From the text, it is clear that al-Masri had little detailed knowledge of the bombing of the German Bakery in Pune, where 17 were killed in a still-unsolved bombing in 2010 — the second of the five urban terror attacks which preceded Wednesday's horrific carnage in Mumbai.

Pune is not, of course, to the west of New Delhi; it is not Jewish-owned; no Israelis were killed there.

But al-Masri words — the first explicit al-Qaeda claim of responsibility for an attack on India — are unlikely to have been inventions: the Egyptian Islamist was a veteran of the jihadist movement, having served as al-Qaeda's finance chief and as a ranking member of its legal committee.

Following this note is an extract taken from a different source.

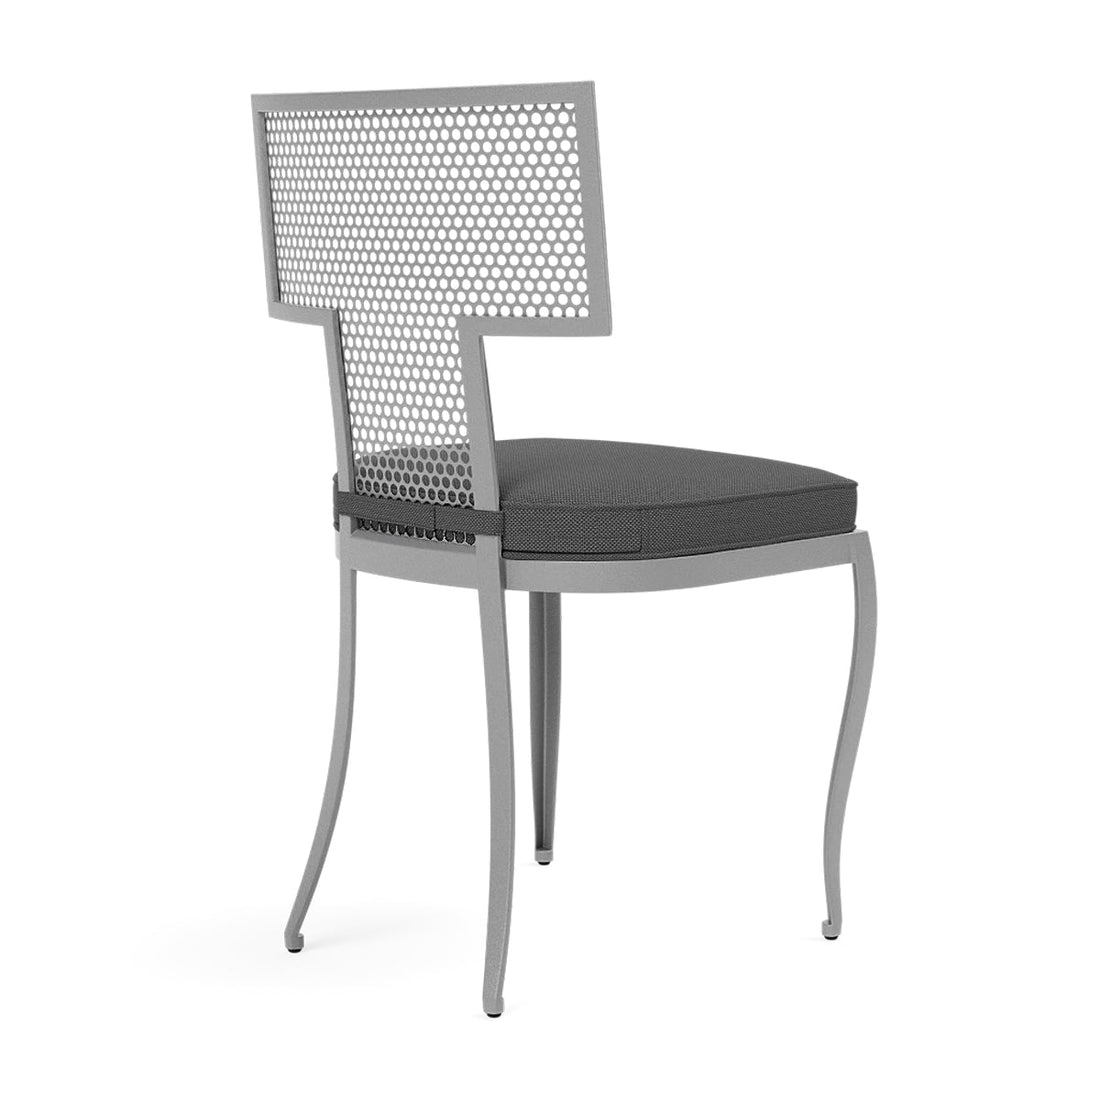 Made Goods Hadley Metal Outdoor Dining Chair in Alsek Fabric
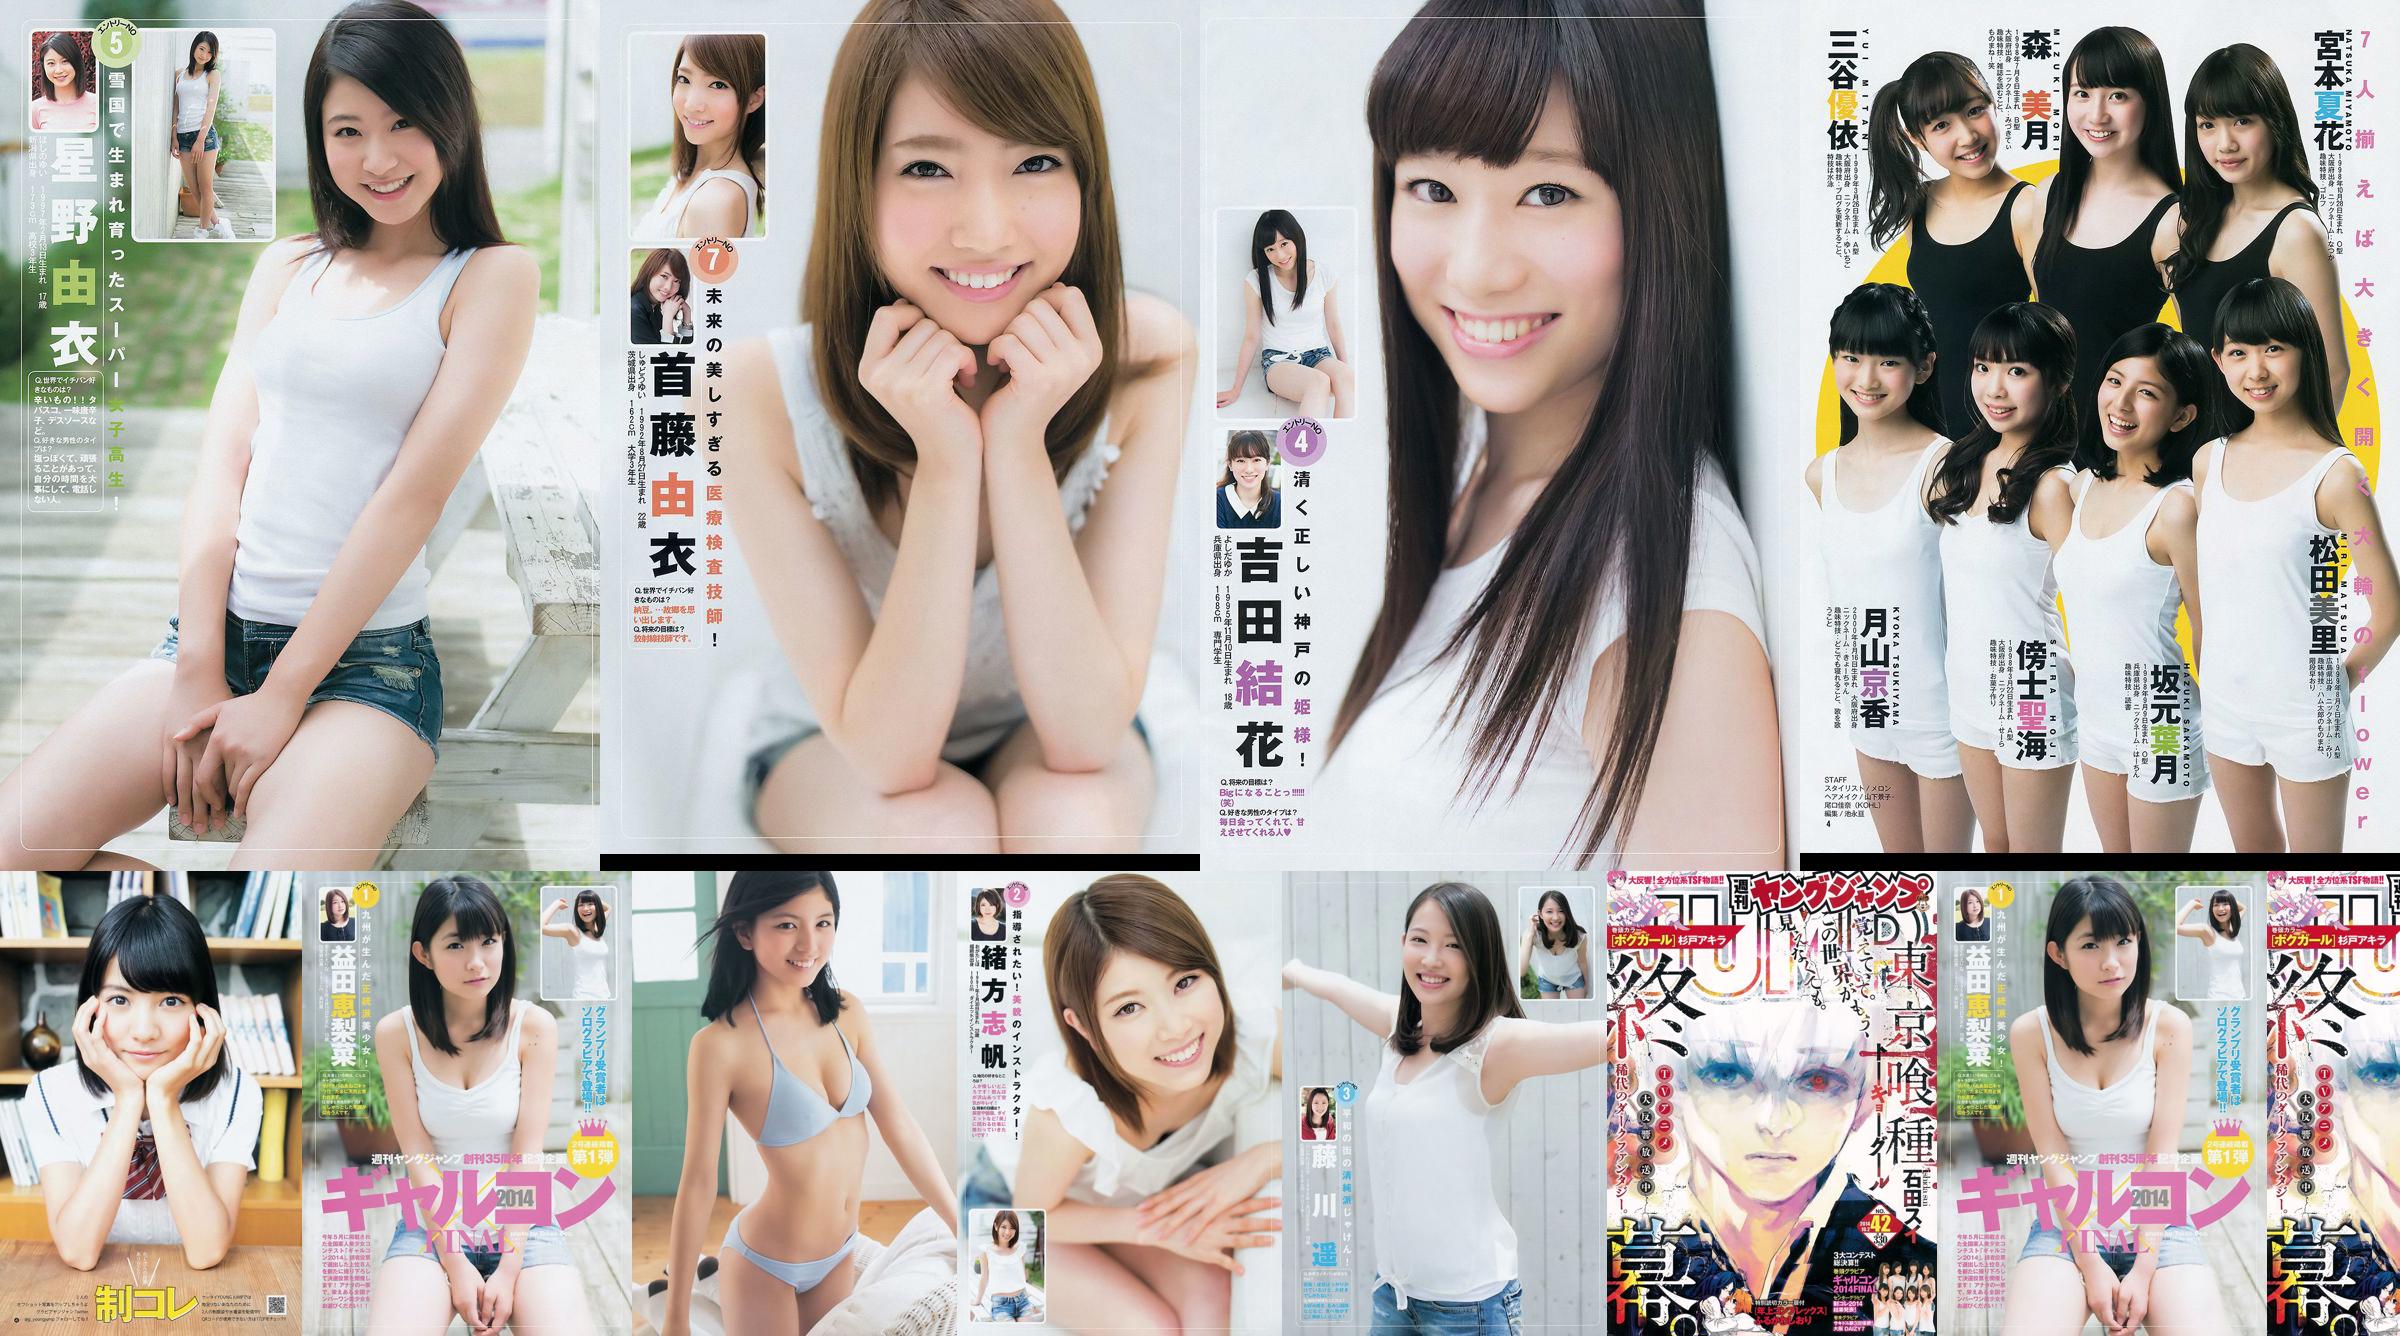 ギャルコン2014 制コレ アルティメット2014 大阪DAIZY7 [Weekly Young Jump] 2014年No.42 写真杂志 No.4c5252 ページ3

He was senior enough to have been one of just three commanders — along with Sheikh Mahfouz Ould al-Walid and Saif al-Adl — to dispute the wisdom of bin Laden's 9/11 plans.

In 2008, Indian investigators dismantled much of the infrastructure of the Indian Mujahideen — a Lashkar-e-Taiba affiliate drawn from the jihadist fringes of the proscribed Students Islamic Movement of India, which carried out an urban bombing campaign that claimed hundreds of lives after 2005. More than 70 of its operatives were arrested.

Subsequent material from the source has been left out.